▶ **Supplied material**

# # #

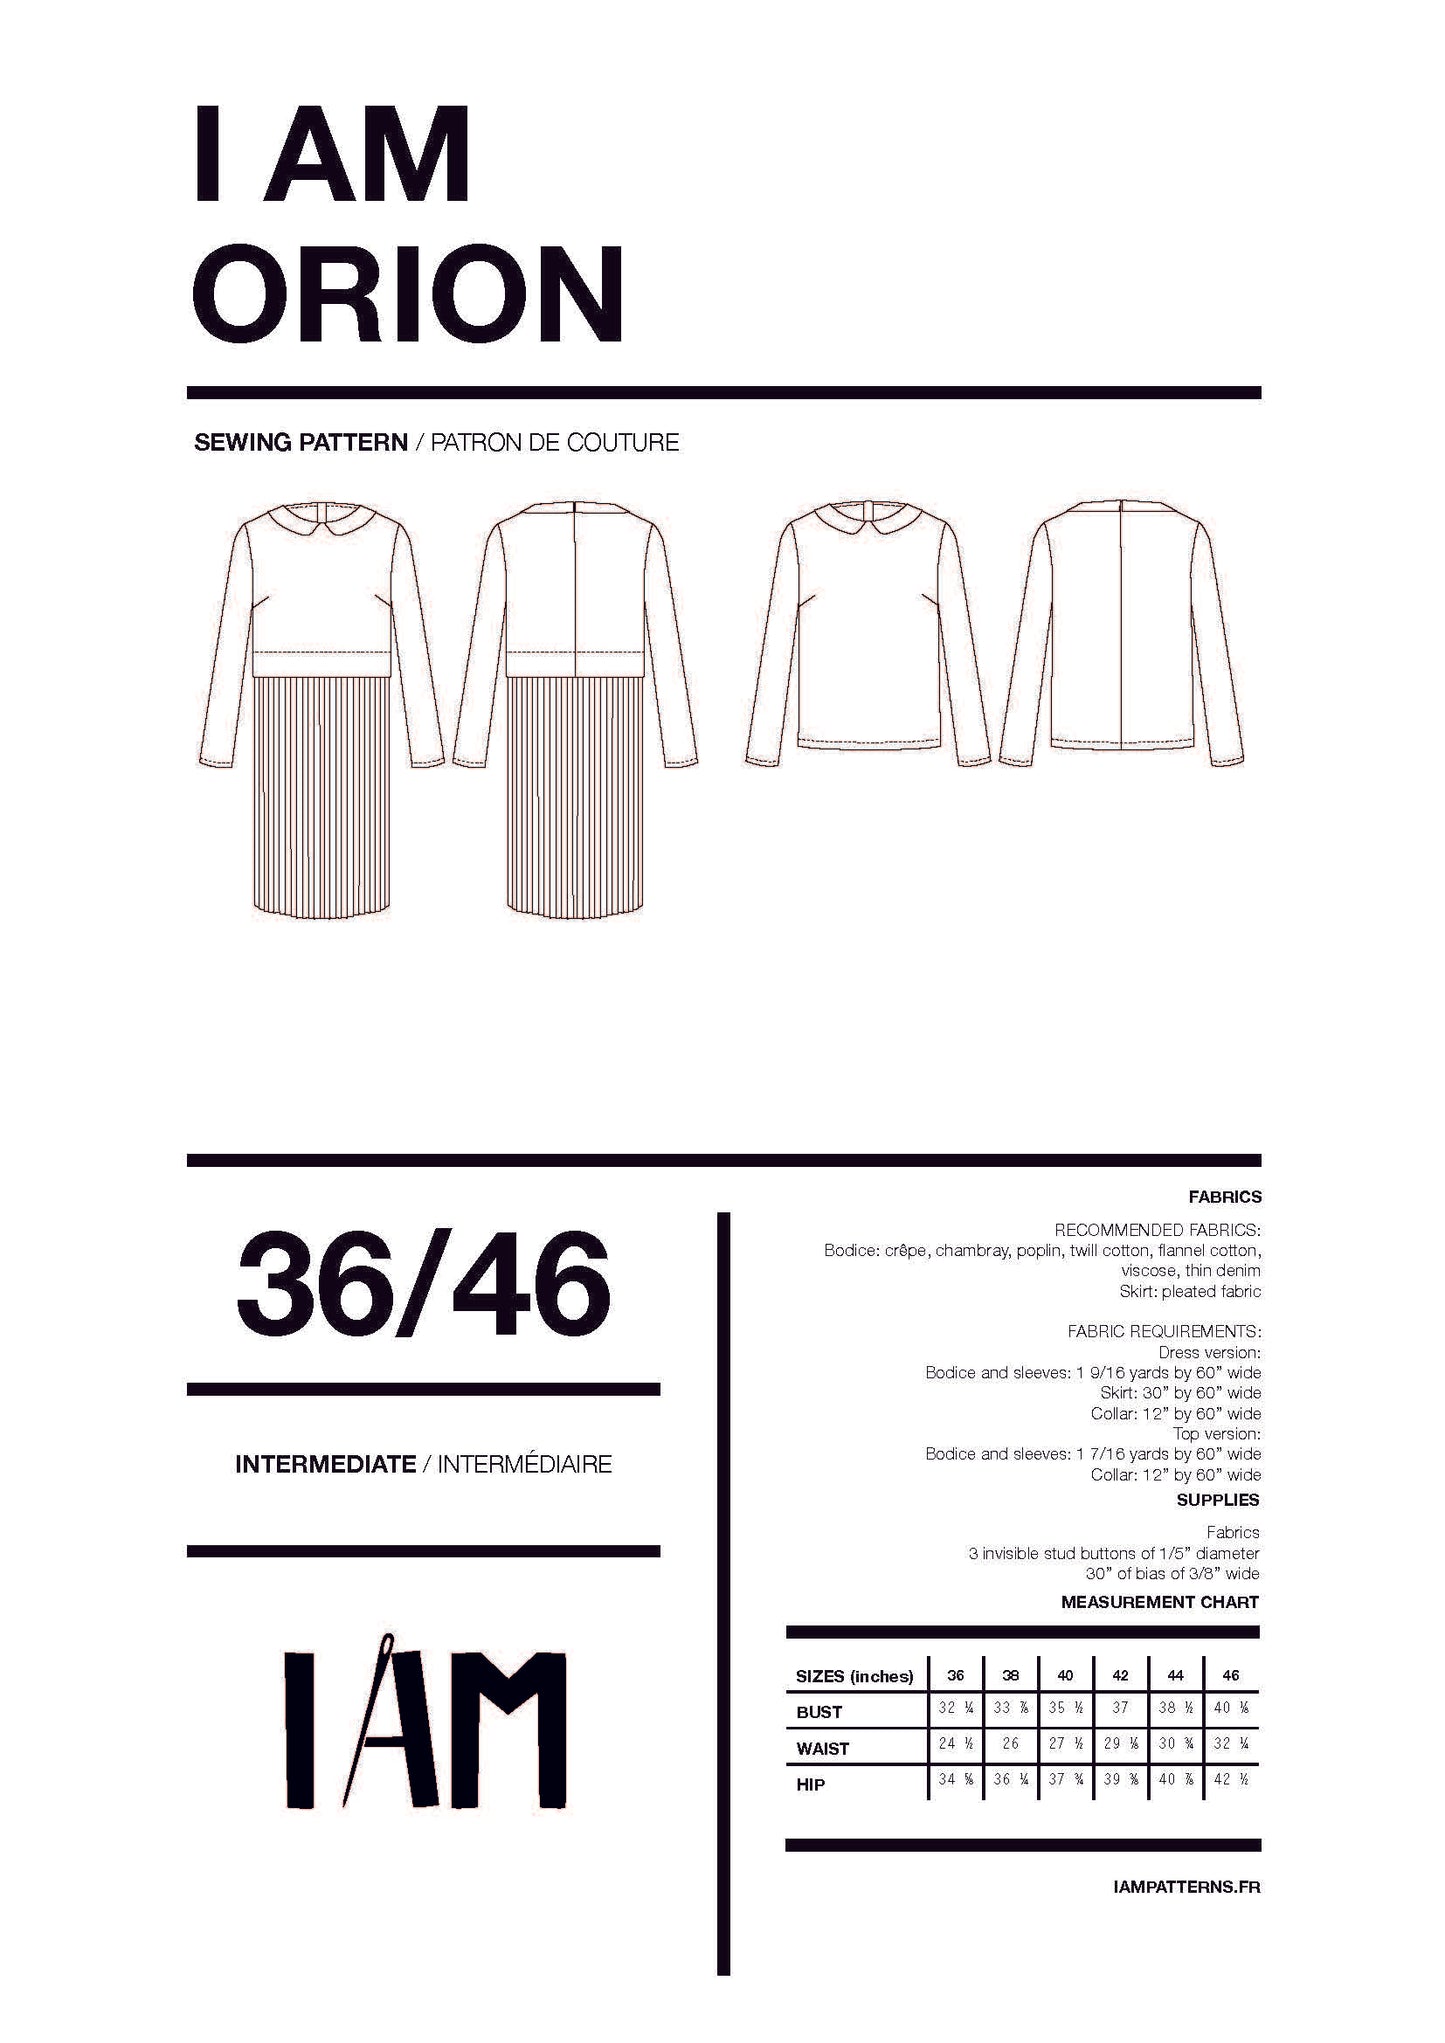 I AM Orion
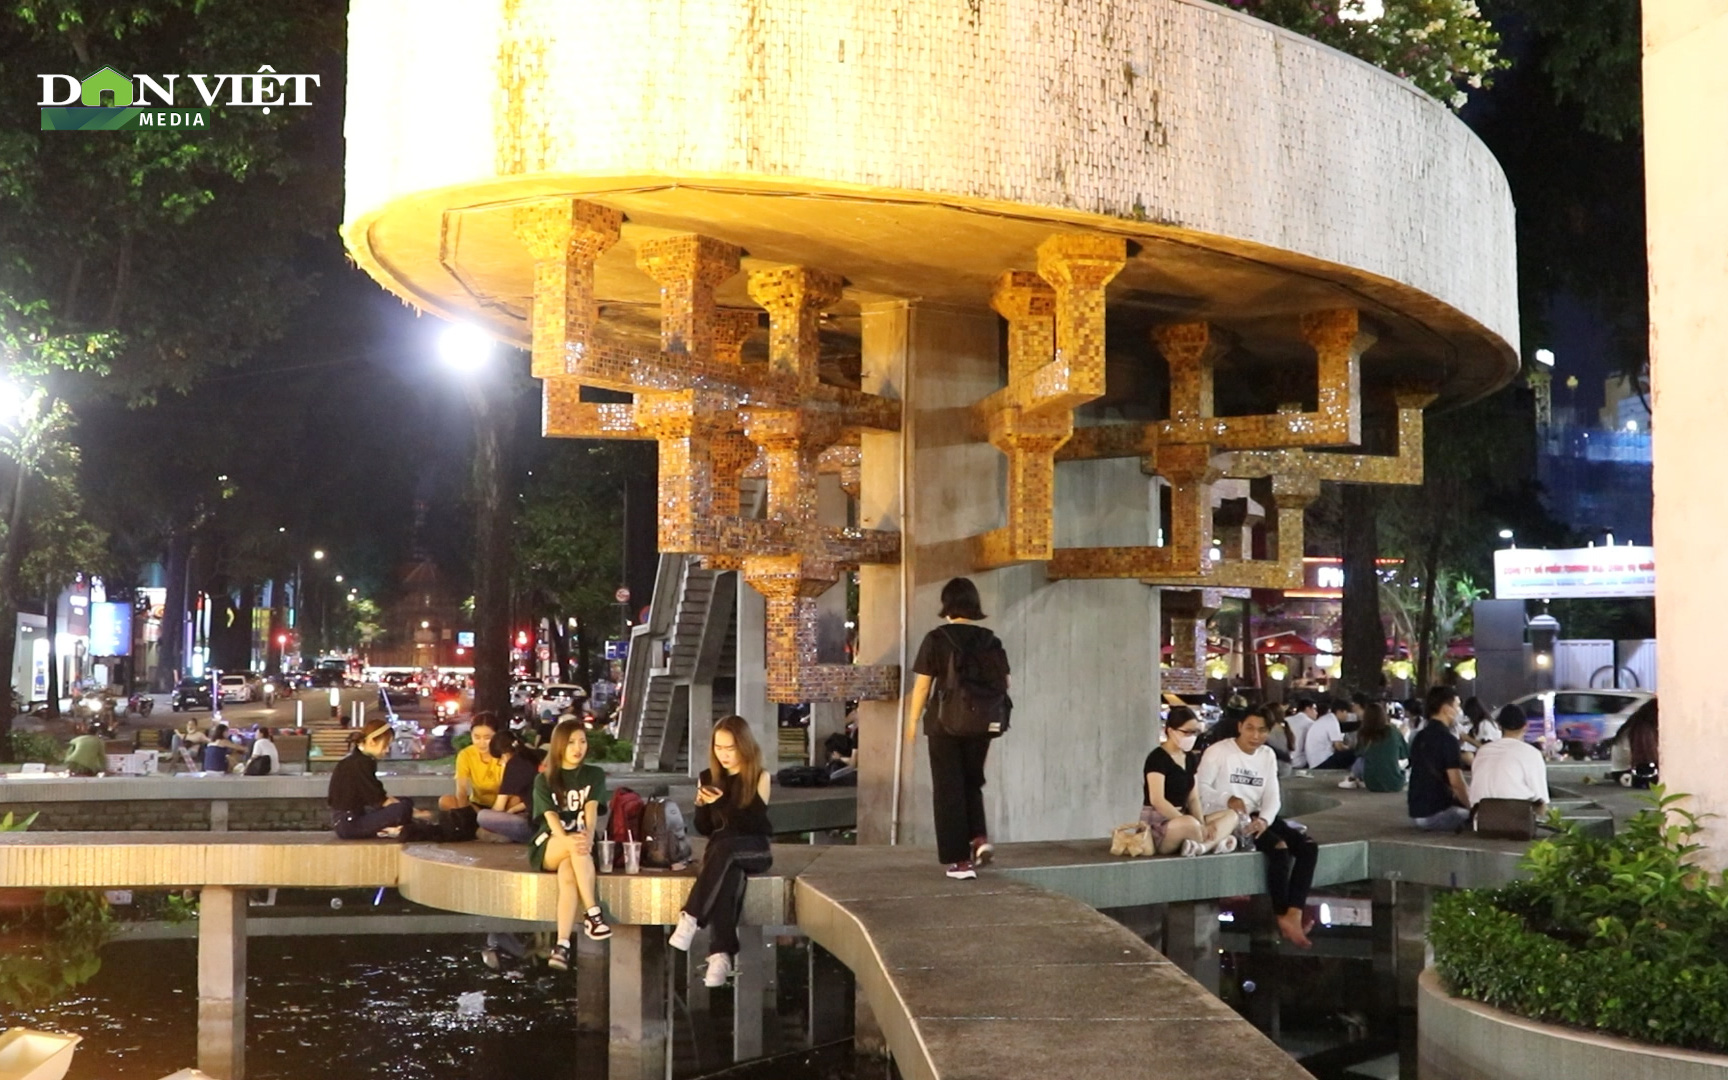 Chưa được cải tạo, Hồ Con Rùa vẫn là địa điểm lý tưởng về đêm của giới trẻ Sài Gòn dịp cuối tuần
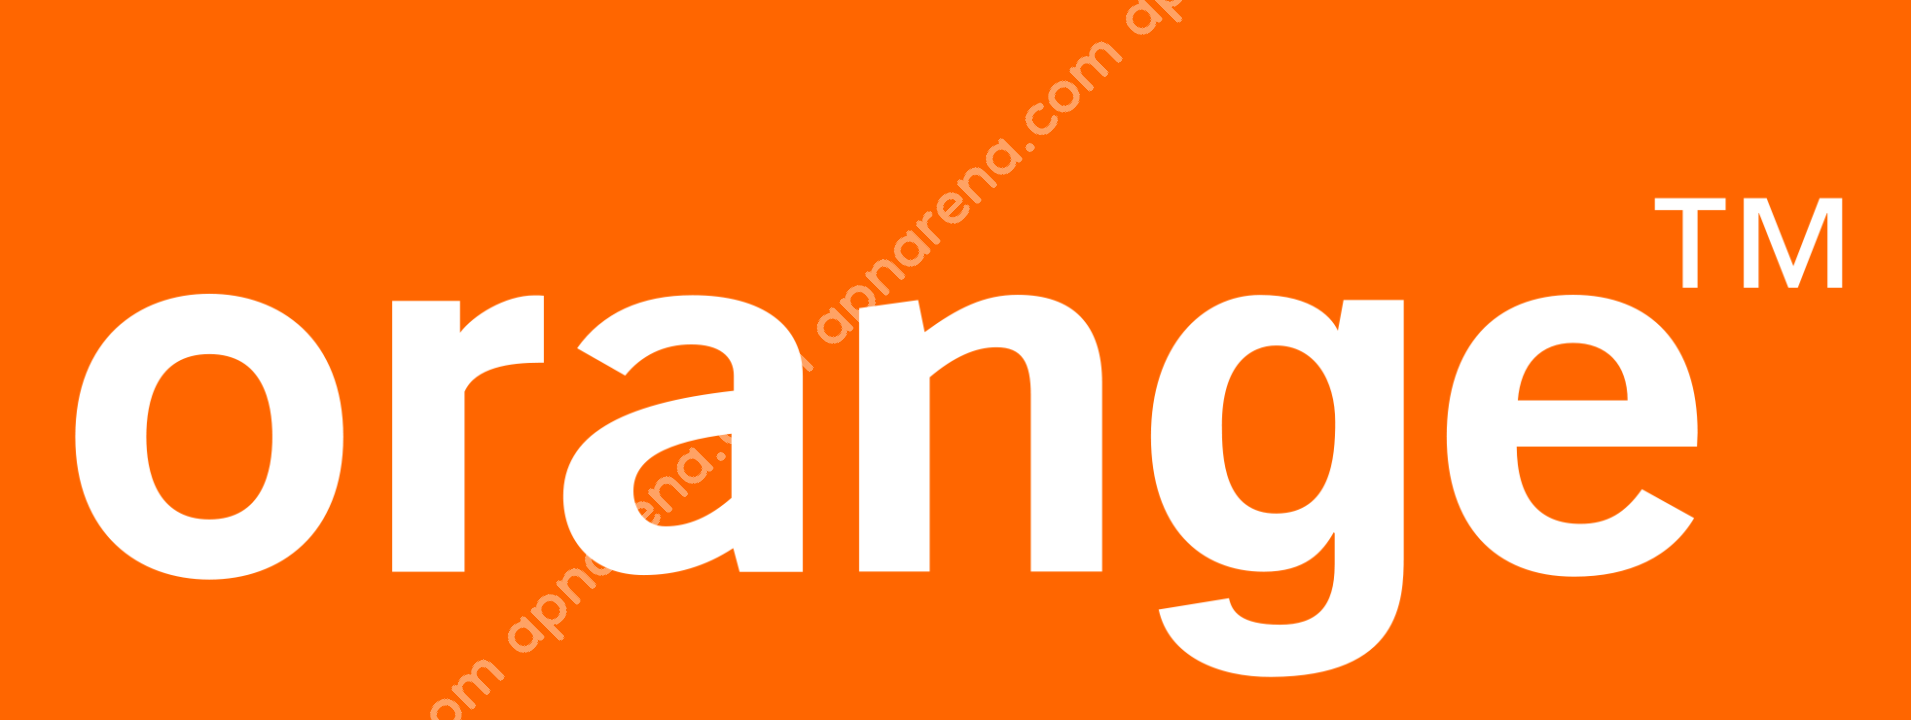 Orange Senegal APN Internet Settings Android iPhone
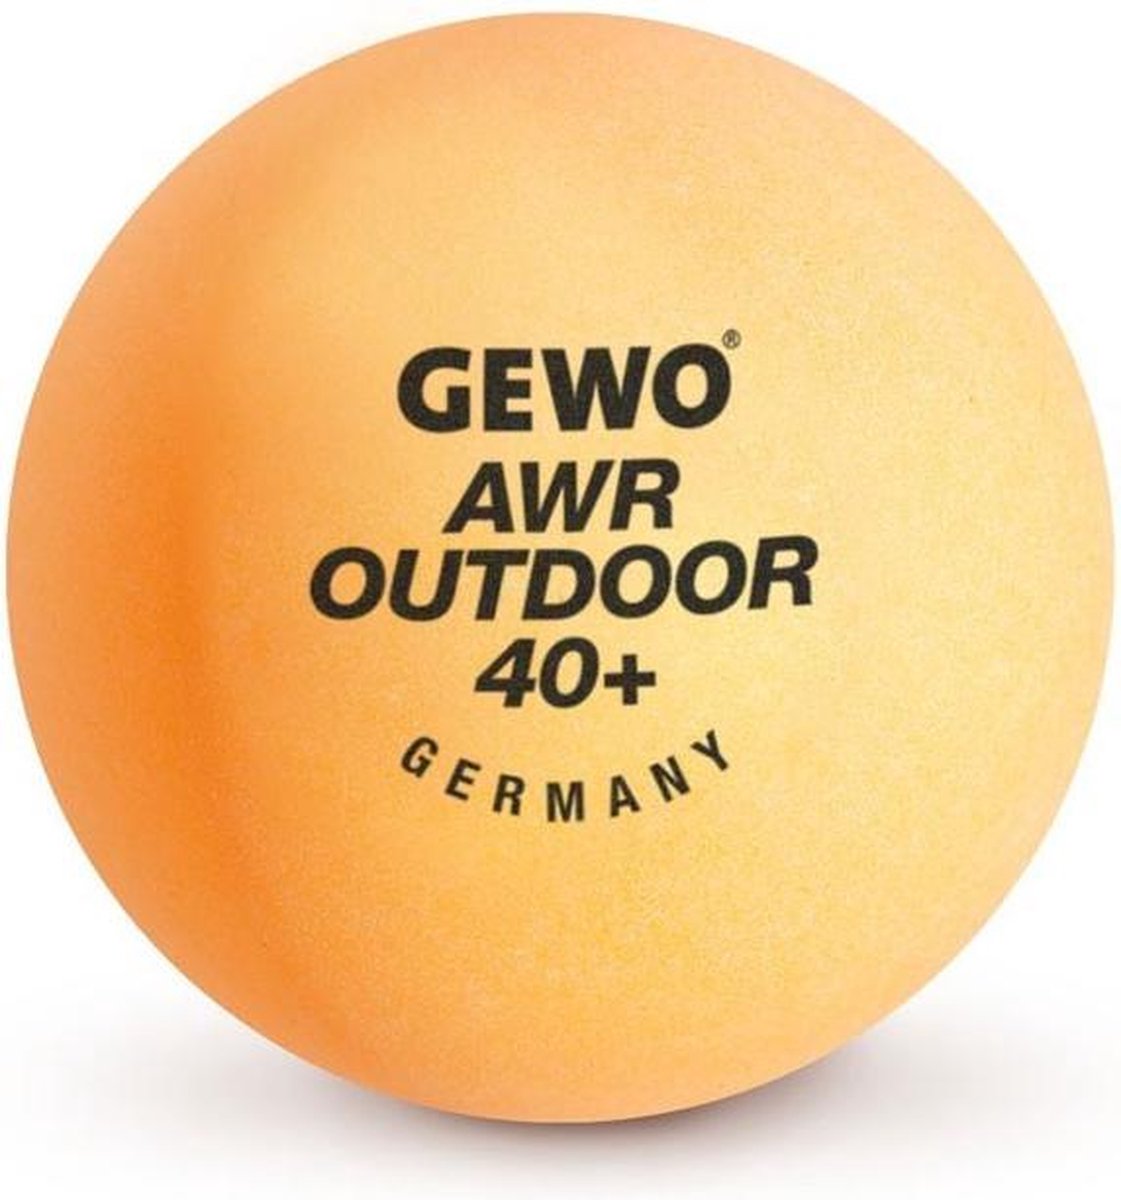 Gewo Tafeltennisballen AWR Outdoor 40+ - box van 6 ballen - Oranje - Ping Pong Ballen

# # #

Drop the pictures, then write out only the lines running from the one containing "Chưa được cải" through the last line above, both included, exactly.

 Chưa được cải tạo, Hồ Con Rùa vẫn là địa điểm lý tưởng về đêm của giới trẻ Sài Gòn dịp cuối tuần
 Orange Senegal APN Internet Settings Android iPhone
 Gewo Tafeltennisballen AWR Outdoor 40+ - box van 6 ballen - Oranje - Ping Pong Ballen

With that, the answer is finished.